--- Data block ---
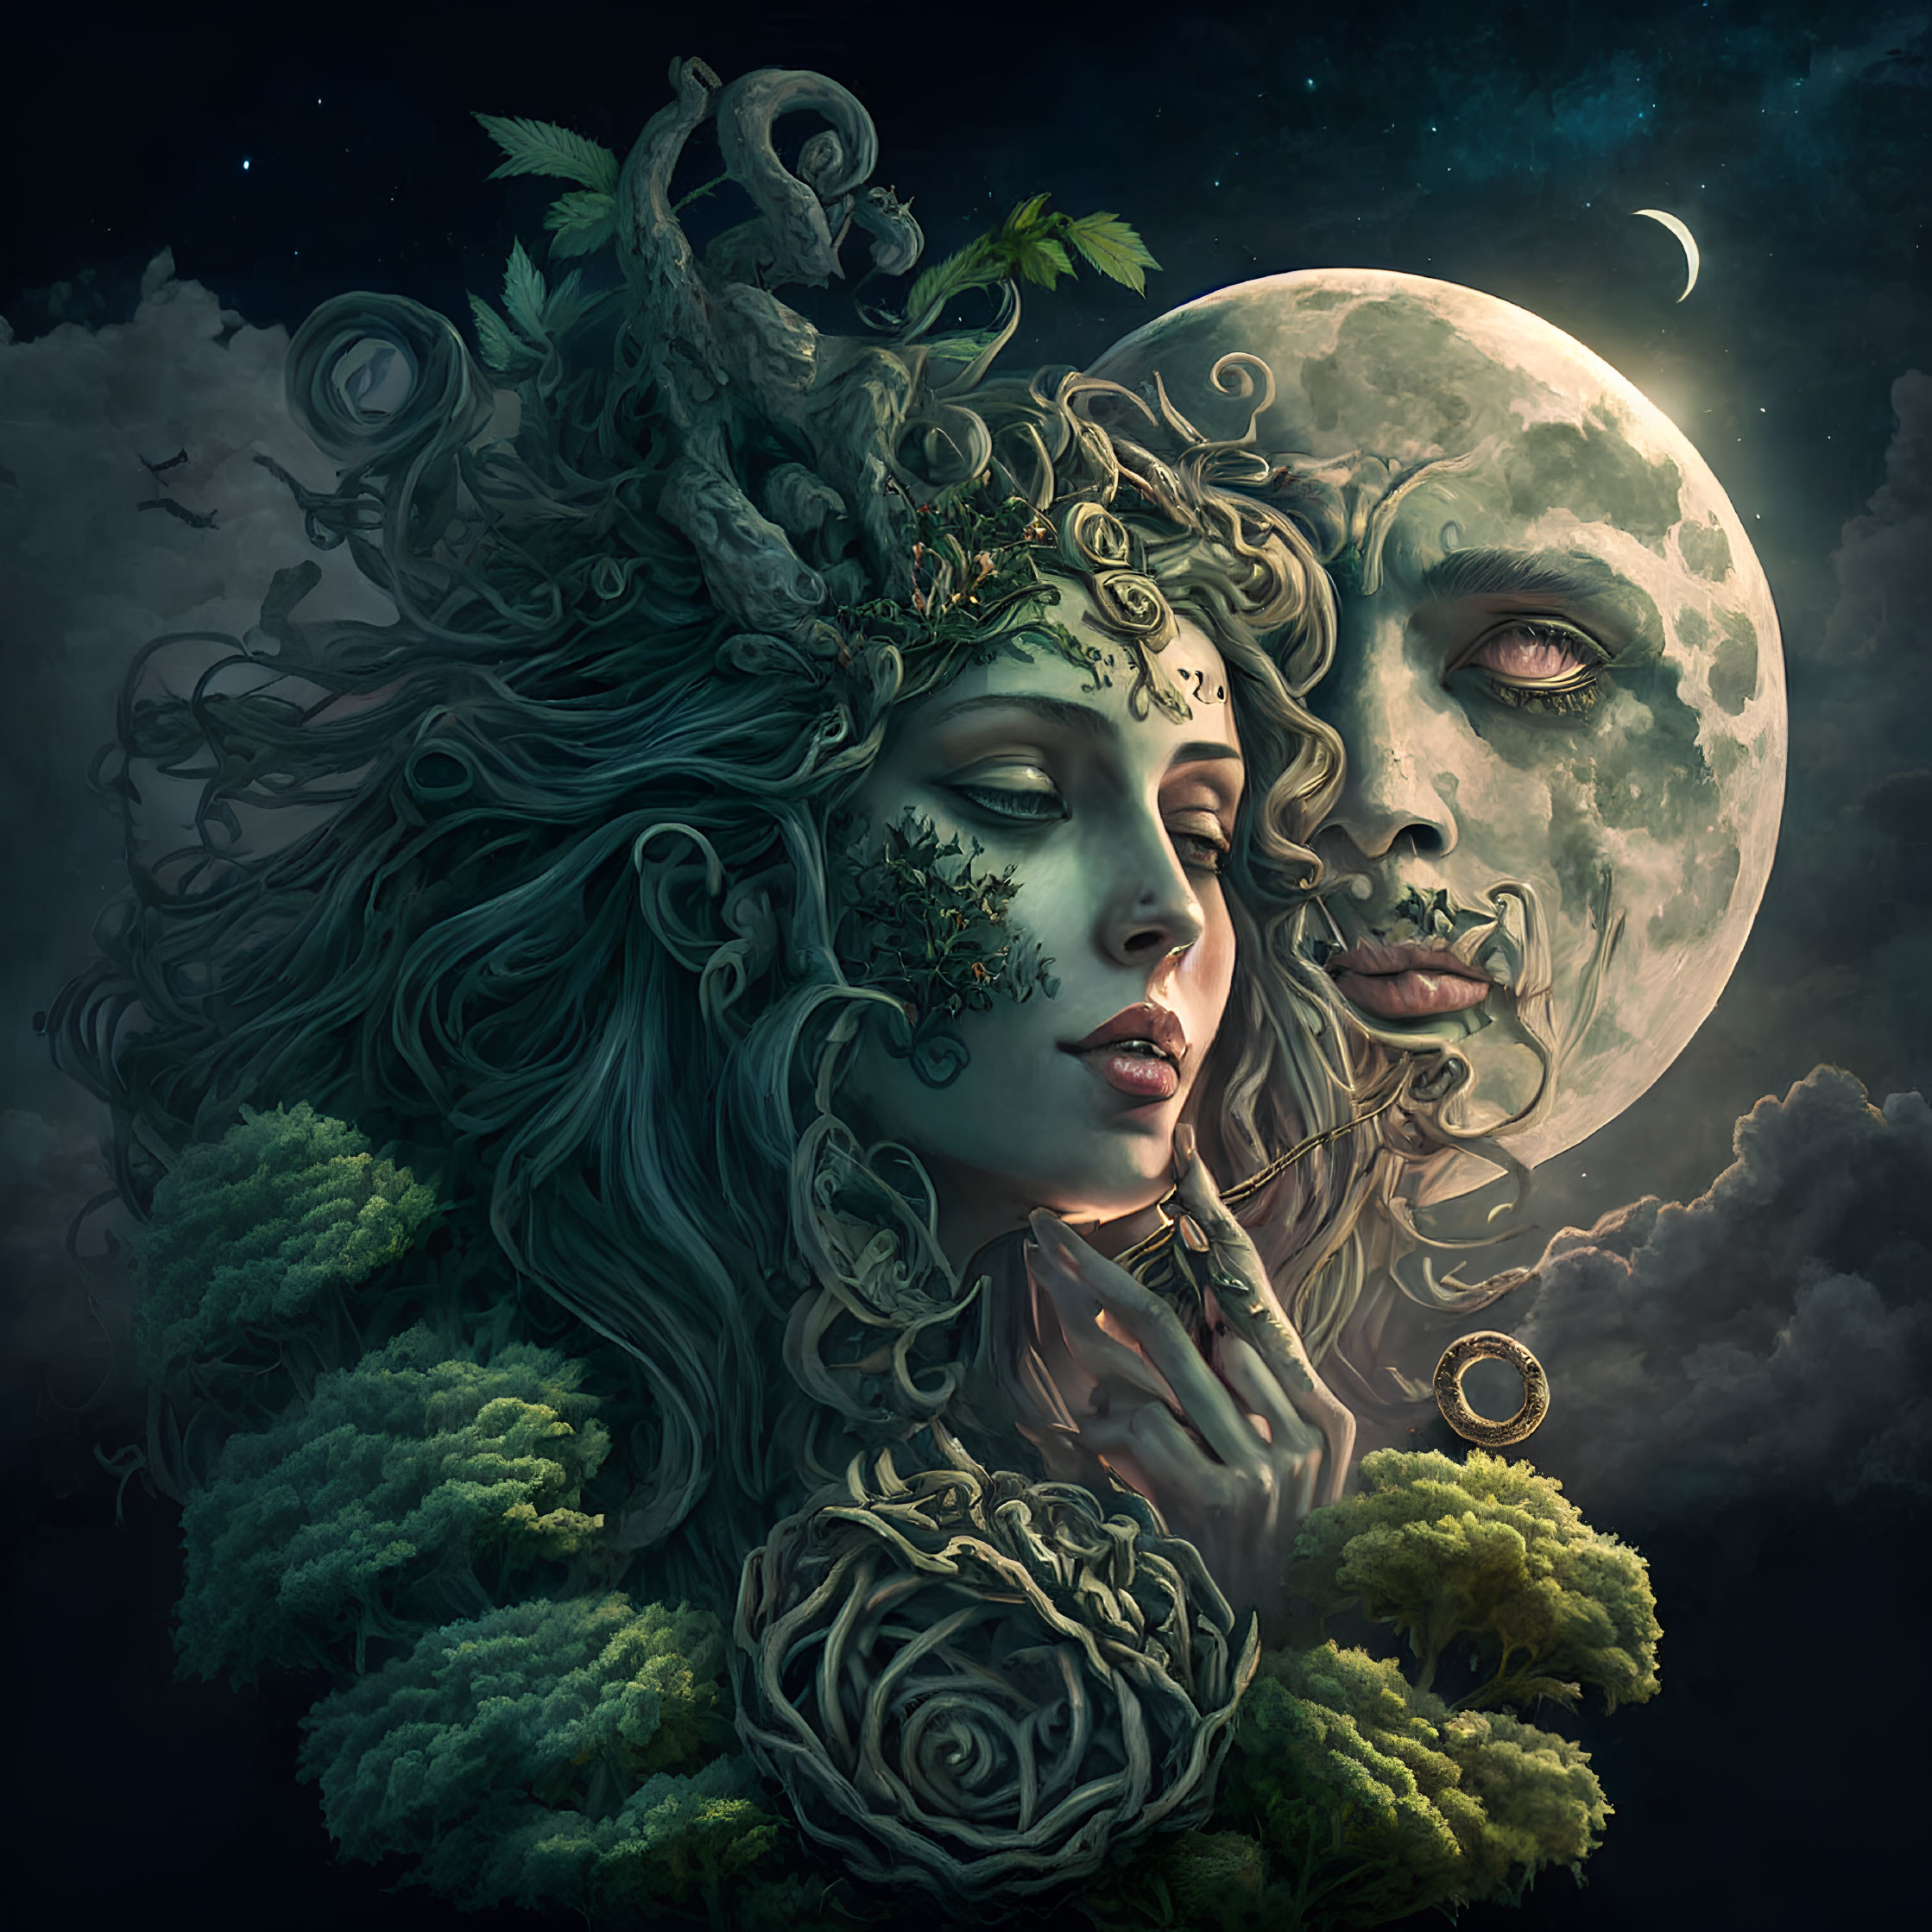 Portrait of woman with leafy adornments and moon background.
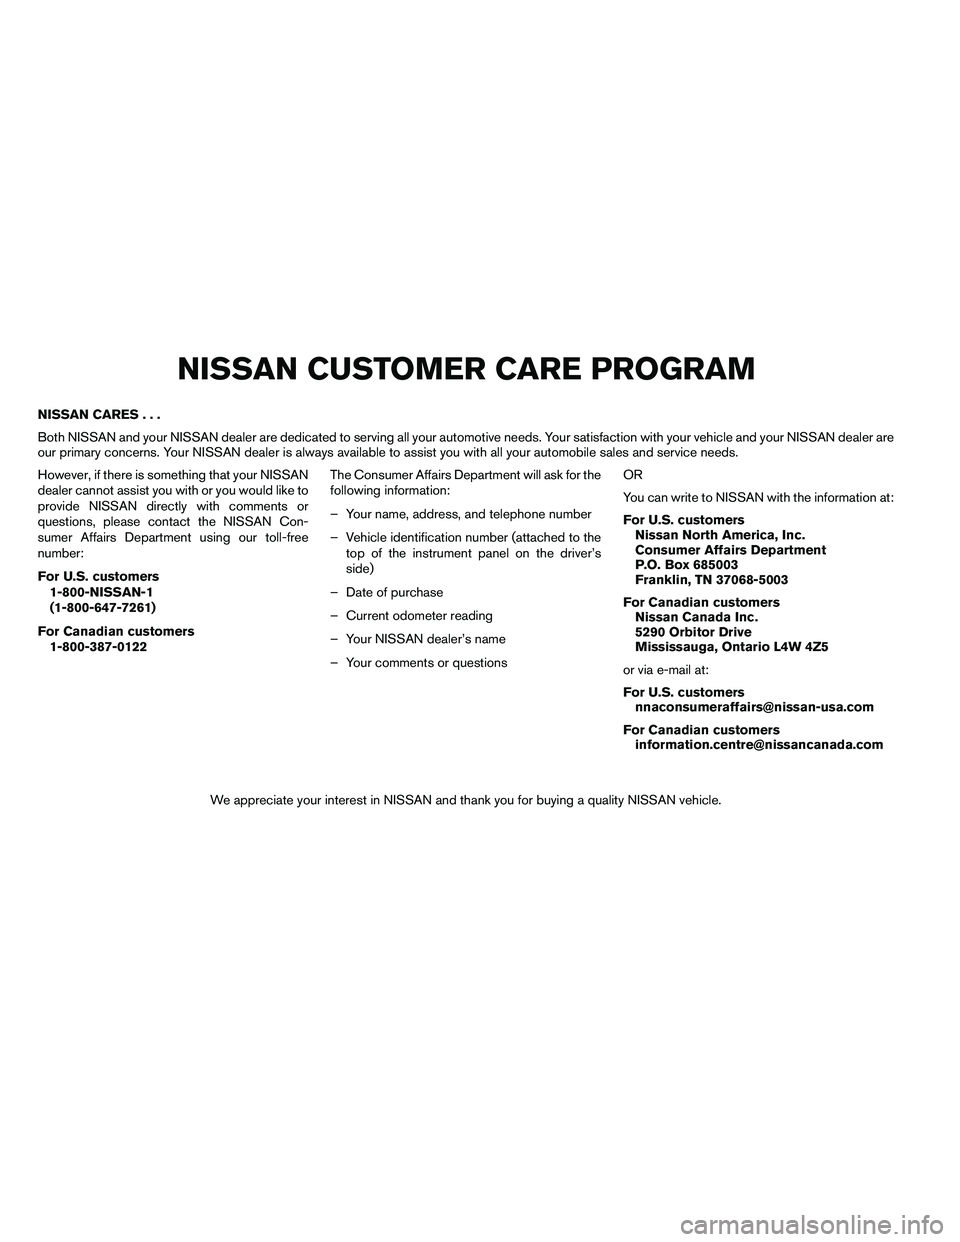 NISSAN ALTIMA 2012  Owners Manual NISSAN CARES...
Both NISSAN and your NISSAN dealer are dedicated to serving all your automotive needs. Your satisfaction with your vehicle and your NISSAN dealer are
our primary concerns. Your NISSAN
---
Take the whole listing above and copy it exactly. Pictures do not go into the copy.

 Portrait of woman with leafy adornments and moon background.
 NISSAN ALTIMA 2012  Owners Manual NISSAN CARES...
Both NISSAN and your NISSAN dealer are dedicated to serving all your automotive needs. Your satisfaction with your vehicle and your NISSAN dealer are
our primary concerns. Your NISSAN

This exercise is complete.